5.7.1.2. Temporal Foreign Keys #

A temporal foreign key is a reference from one application-time table to another application-time table. Just as a non-temporal reference requires a referenced key to exist, so a temporal reference requires a referenced key to exist, but during whatever history the reference exists (at least). So if the products table is referenced by a variants table, and a variant of product 5 has an application-time of [2020-01-01,2026-01-01), then product 5 must exist throughout that period.

We can create the variants table with the following schema (without a foreign key yet):

CREATE TABLE variants (
  id         integer,
  product_no integer,
  name       text,
  valid_at   daterange,
  PRIMARY KEY (id, valid_at WITHOUT OVERLAPS)
);

We have included a temporal primary key as a best practice, but it is not strictly required by foreign keys.

Figure 5.2 plots product 5 (in green) and two variants referencing it (in yellow) on the same timeline.
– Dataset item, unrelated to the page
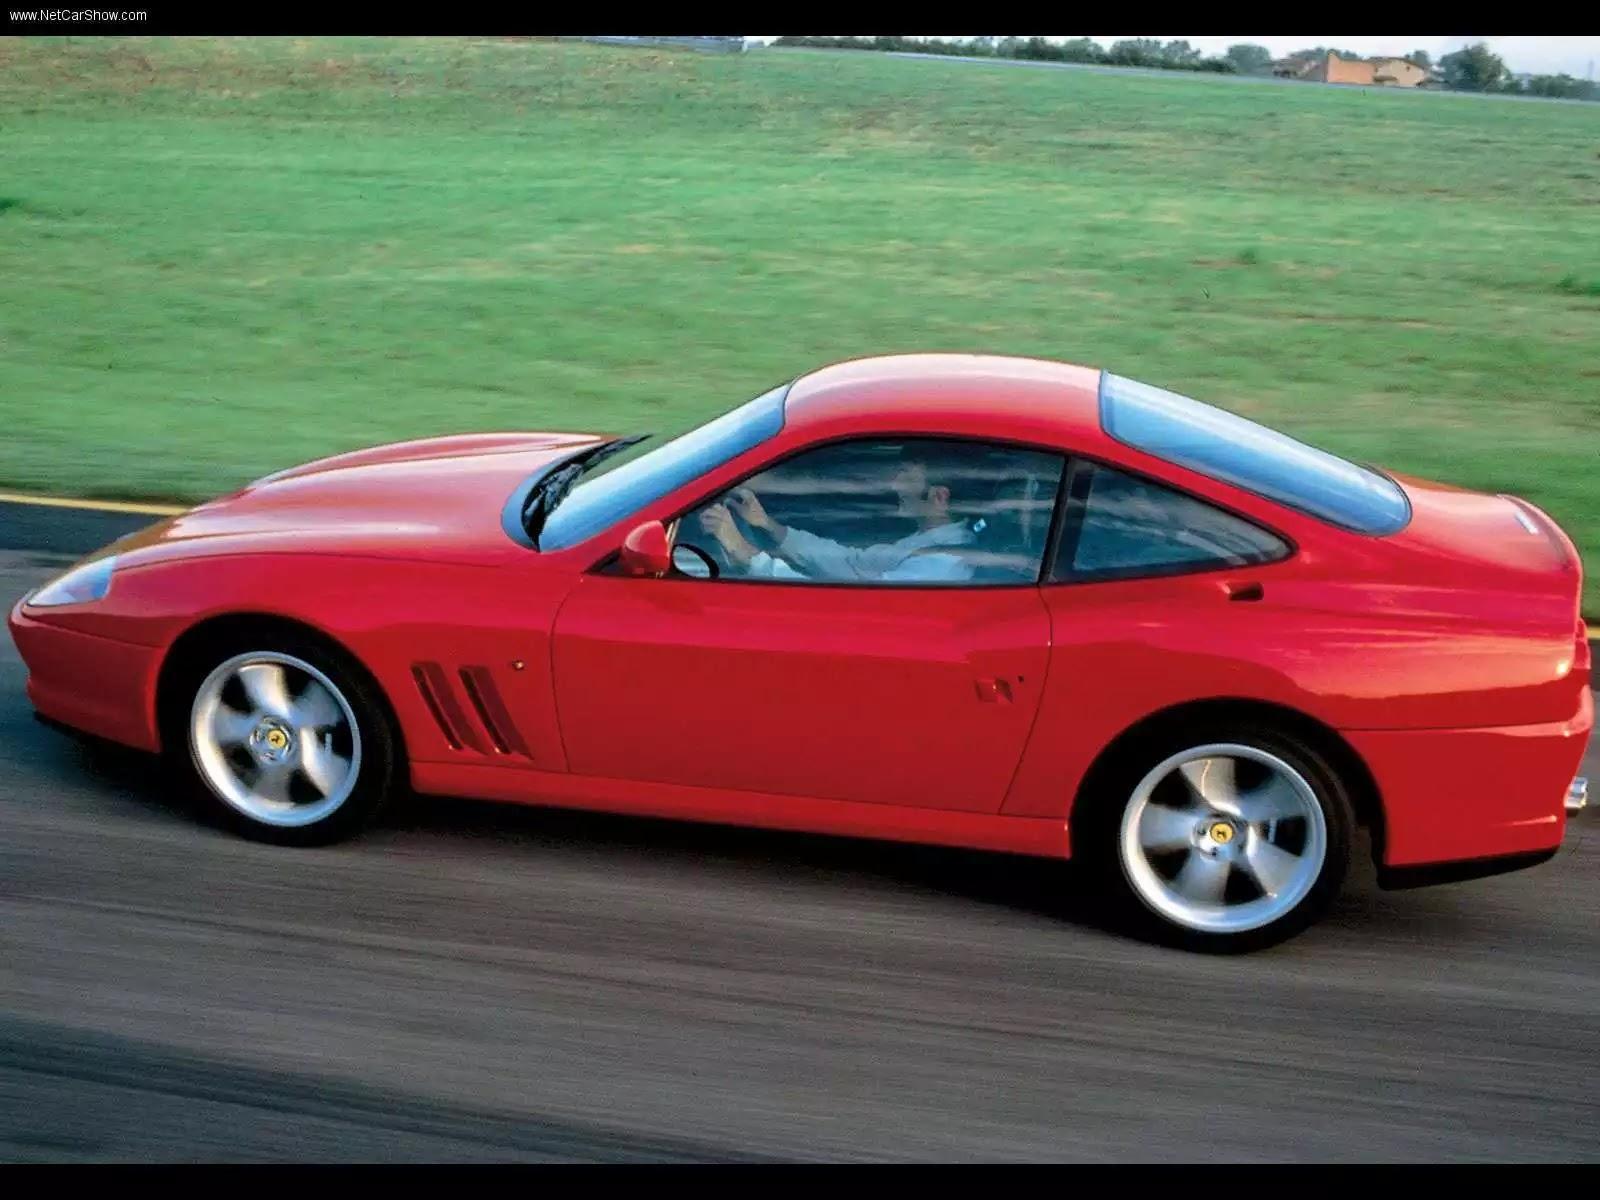 Hình ảnh siêu xe Ferrari 550 Maranello 2001 & nội ngoại thất

Variant 8 (Medium) was introduced first, then variant 9 (XXL). Both satisfy the foreign key constraint, because the referenced product exists throughout their entire history.

Figure 5.2. Temporal Foreign Key Example


In a table, these records would be:

 id | product_no |  name  |        valid_at
----+------------+--------+-------------------------
  8 |          5 | Medium | [2021-01-01,2023-06-01)
  9 |          5 | XXL    | [2022-03-01,2024-06-01)

Note that a temporal reference need not be fulfilled by a single row in the referenced table. Product 5 had a price change in the middle of variant 8's history, but the reference is still valid. The combination of all matching rows is used to test whether the referenced history contains the referencing row.

The syntax to add a temporal foreign key to our table is:

CREATE TABLE variants (
  id         integer,
  product_no integer,
  name       text,
  valid_at   daterange,
  PRIMARY KEY (id, valid_at WITHOUT OVERLAPS),
  FOREIGN KEY (product_no, PERIOD valid_at) REFERENCES products (product_no, PERIOD valid_at)
);

Note that the keyword PERIOD must be used for the application-time column in both the referencing and referenced table.

A temporal primary key or unique constraint matching the referenced columns must exist on the referenced table.

PostgreSQL supports temporal foreign keys with action NO ACTION, but not RESTRICT, CASCADE, SET NULL, or SET DEFAULT.

5.7.2. System Time #

System time refers to the history of the database table, not the entity it describes. It captures when each row was inserted/updated/deleted.

PostgreSQL does not currently support system time, but it could be emulated using triggers, and there are external extensions that provide such functionality.